Saturday, October 24, 2009

Folklore Day

A few weeks ago, the elementary school has their Folklore Day. Folklore day here is somewhat similar to the Dia Tipico's that we had in Honduras, but it did have some differences. To start, a little history is needed to understand Paraguayan schooling. For most people in the country, Spanish is not their first language, Guarani is. Guarani is the name of the traditional indians that lived in Bolivia, Paraguay, and northern Argentina when the Spanish took over.

Outside of the big cities, Guarani is the main language of the country. Jesse and I hear Guarani being spoken almost daily by our guard and our maid. However, during the 1930's and 40's, Guarani was viewed as an inferior language, and therefore was banned in the nation's schools. Sometime in the 1970's (my dates may be a bit off) the government realized what a diservice it was doing to its youth, and now, every student has to take a Guarani class as part of their education. It is still viewed as a campesino language, a poor person's langauge, so many of our students don't value the language or its culture.

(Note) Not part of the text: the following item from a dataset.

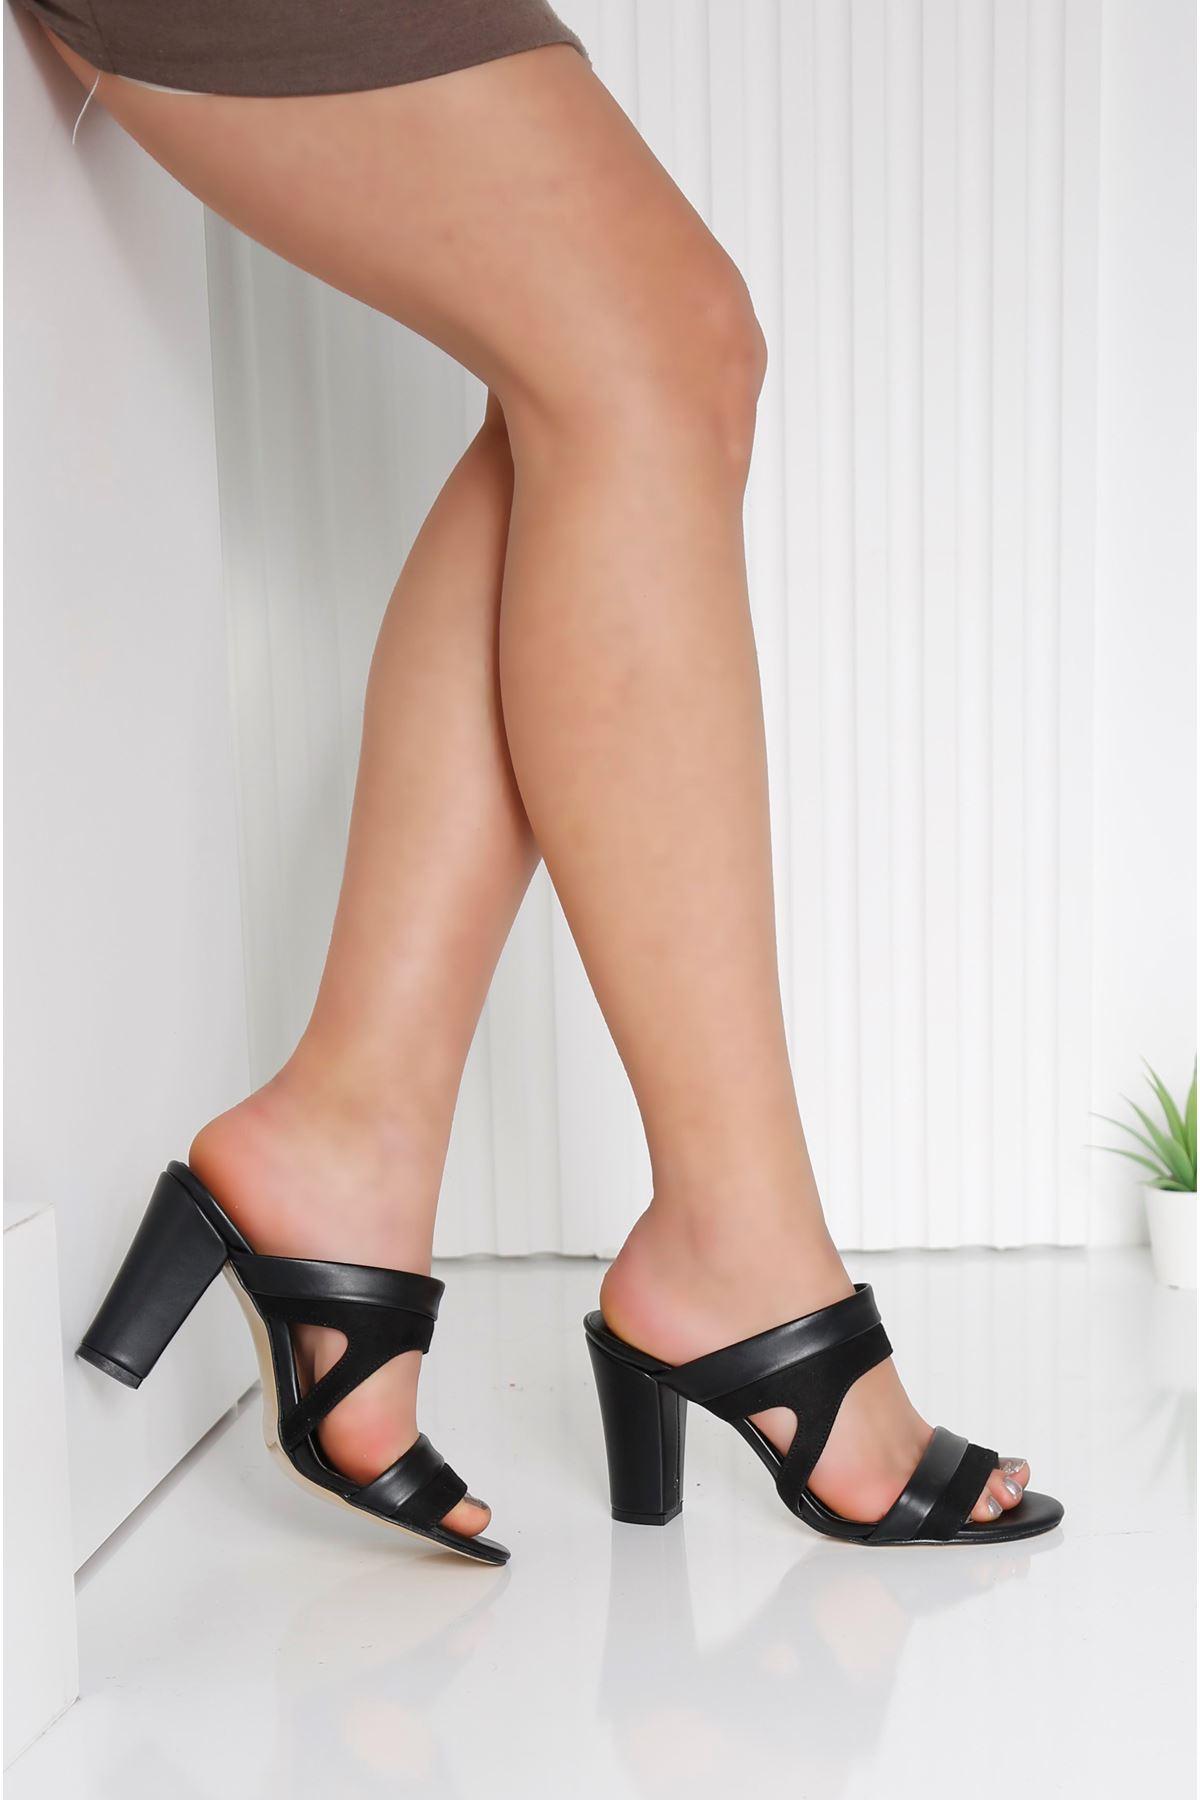 EDINA Siyah Topuklu Kadın Terlik

Fast forward to today, and as a part of the elementary school Guarani program at our school, they have a Folklore Day. This is where each grade level is taught a traditional dance and they wear traditional clothing as well. The girls wear traditional colored skirts, and wear fake hair braids to give the illusion of long hair. The boys wore gaucho clothing with a traditional belt, and the 5th grade boys also got to carry a guompa (my spelling may be off) to simulate a machete to harvest crops with.

The celebration is held for the parents to come and watch, with announcements made in three languages- Guarani, Spanish, and English. As it is the 5th graders last year dancing for Folklore Day, they got to do an extra dance to celebrate. Teachers were also asked to participate, although for my first year, I chose to sit out and just observe the celebration.